Suppose that we now want to be able to upgrade this contract. Ideally, we won’t have to write the upgradability-related logic ourselves. That’s where components come in. A component is a separate module that can contain storage, events, and external functions. Unlike a contract, a component cannot be declared or deployed. Its logic will eventually be part of your contract’s bytecode.

Writing a Component

Now that we know what to expect, let’s examine the following (simplified) upgradability component:

// upgradable.cairo

#[starknet::interface]
trait IUpgradable<TContractState> {
    fn upgrade(ref self: TContractState, new_class_hash: ClassHash);
}

#[starknet::component]
mod upgradable {
    use starknet::ClassHash;
    use starknet::syscalls::replace_class_syscall;

    #[storage]
    struct Storage {
        current_implementation: ClassHash
    }

    #[event]
    #[derive(Drop, starknet::Event)]
    enum Event {
        ContractUpgraded: ContractUpgraded
    }

    #[derive(Drop, starknet::Event)]
    struct ContractUpgraded {
        old_class_hash: ClassHash,
        new_class_hash: ClassHash
    }

    #[embeddable_as(UpgradableImpl)]
    impl Upgradable<
        TContractState, +HasComponent<TContractState>
    > of super::IUpgradable<ComponentState<TContractState>> {
        fn upgrade(ref self: ComponentState<TContractState>, new_class_hash: ClassHash) {
            replace_class_syscall(new_class_hash).unwrap();
            let old_class_hash = self.current_implementation.read();
            self.emit(ContractUpgraded { old_class_hash, new_class_hash });
            self.current_implementation.write(new_class_hash);
        }
    }
}

Let’s examine what’s special in the above code:

The component module

The component lives in its own module, annotated with the #[starknet::component] attribute. Inside the component, the general structure is very similar to that of a regular contract. We see the Storage struct and the Event enum, followed by the component’s logic.

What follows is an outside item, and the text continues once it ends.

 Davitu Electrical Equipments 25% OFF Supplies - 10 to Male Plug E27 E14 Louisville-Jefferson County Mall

ComponentState vs. ContractState

One of the major differences from a regular smart contract is that access to storage and events is done via the generic ComponentState<TContractState> type and not ContractState. Note that while the type is different, accessing storage or emitting events is done similarly via self.storage_var_name.read() or self.emit(...).

Exposing the component’s logic

To expose the component’s logic, in a way that will add external functions to the using contract, we need to implement a #[starknet::interface] trait and mark the impl with [embeddable_as(<name>)], <name> is the name that we’ll be using in the contract. The functions in the impl expect the argument ref self: ComponentState<TContractState> (for external functions) or self: @ComponentState<TContractState> (for view functions), which makes the impl generic over TContractState. To see why we need a dependency over the HasComponent trait, see the appendix.

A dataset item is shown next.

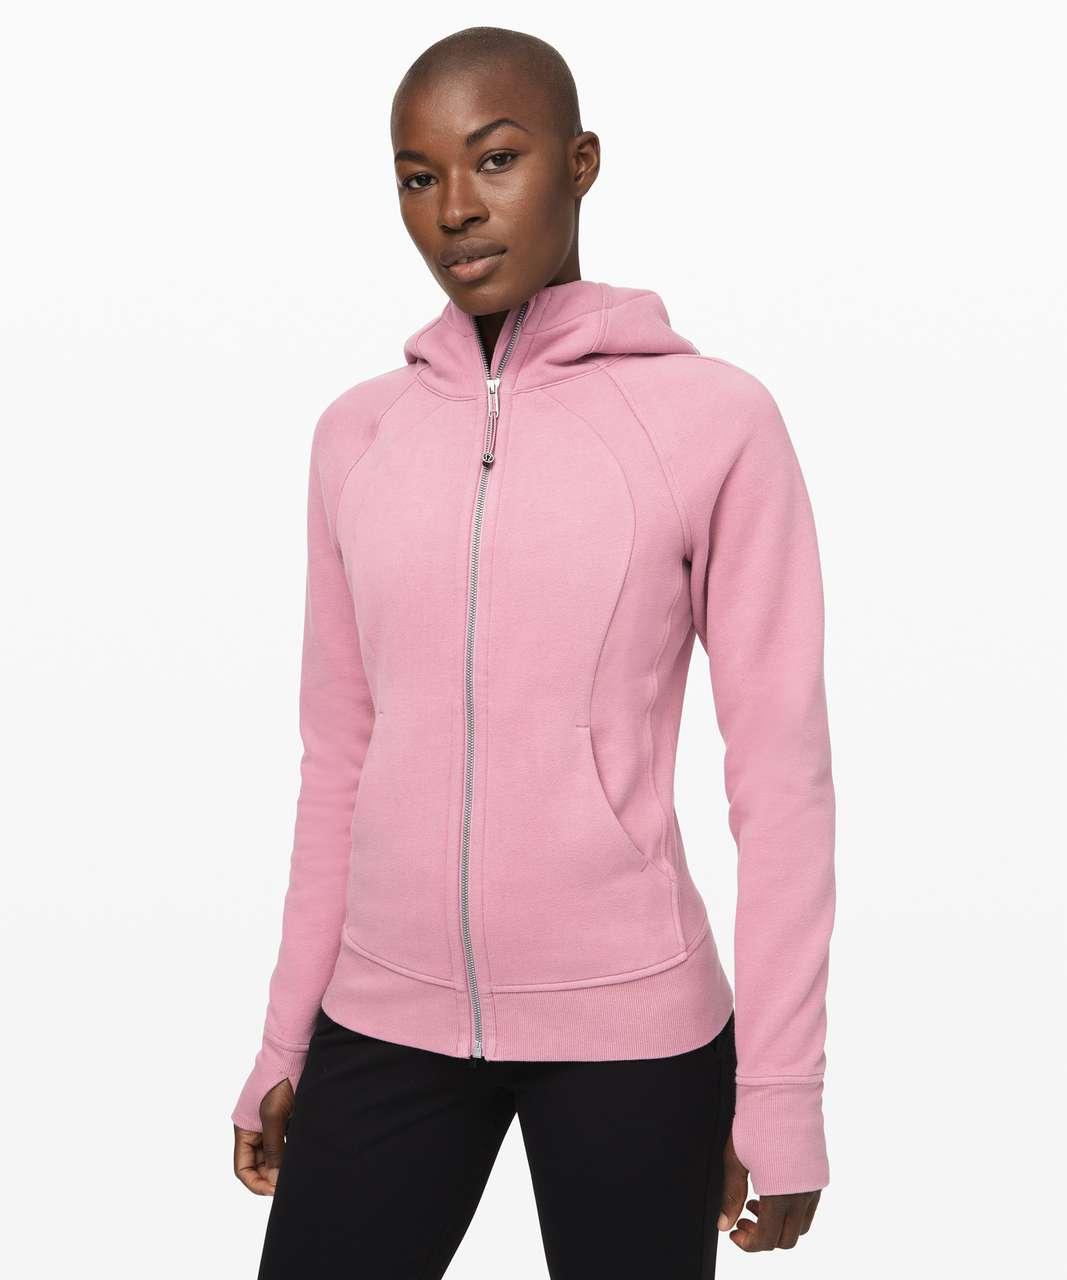 Lululemon Scuba Hoodie *Light Cotton Fleece - Pink Taupe

Using a component in a contract

We will now see how to use the upgradability component in our counter contract.

For completeness, this is our project hierarchy, which we’re building by running scarb build:

comp_examples
	src
		lib.cairo
		upgradable.cairo
		counter_contract.cairo
	scarb.toml

// counter_contract.cairo

#[starknet::interface]
trait ICounterContract<TContractState> {
    fn increase_counter(ref self: TContractState, amount: u128);
    fn decrease_counter(ref self: TContractState, amount: u128);
    fn get_counter(self: @TContractState) -> u128;
}

#[starknet::contract]
mod counter_contract {
	  use comp_examples::upgradable::upgradable as upgradable_component;

    component!(path: upgradable_component, storage: upgradable, event: UpgradableEvent);

		#[abi(embed_v0)]
    impl Upgradable = upgradable_component::UpgradableImpl<ContractState>;

    #[storage]
    struct Storage {
        counter: u128,
        #[substorage(v0)]
        upgradable: upgradable_component::Storage
    }

    #[event]
    #[derive(Drop, starknet::Event)]
    enum Event {
        CounterIncreased: CounterIncreased,
        CounterDecreased: CounterDecreased,
        UpgradableEvent: upgradable_component::Event
    }

    #[derive(Drop, starknet::Event)]
    struct CounterIncreased {
        amount: u128
    }

    #[derive(Drop, starknet::Event)]
    struct CounterDecreased {
        amount: u128
    }

    #[constructor]
    fn constructor(ref self: ContractState, initial_counter: u128) {
        self.counter.write(initial_counter);
    }

    #[external(v0)]
    impl CounterContract of super::ICounterContract<ContractState> {
        fn get_counter(self: @ContractState) -> u128 {
            self.counter.read()
        }

        fn increase_counter(ref self: ContractState, amount: u128) {
            let current = self.counter.read();
            self.counter.write(current + amount);
            self.emit(CounterIncreased { amount });
        }

        fn decrease_counter(ref self: ContractState, amount: u128) {
            let current = self.counter.read();
            self.counter.write(current - amount);
            self.emit(CounterDecreased { amount });
        }
    }
}

We can summarize the changes to the contract in three steps:

• Declaring the component with:

component!(path: upgradable_component, storage: upgradable, event: UpgradableEvent);

This tells the compiler to generate an implementation for HasComponent<TContractState>, constructing the component state from the associated storage and event types.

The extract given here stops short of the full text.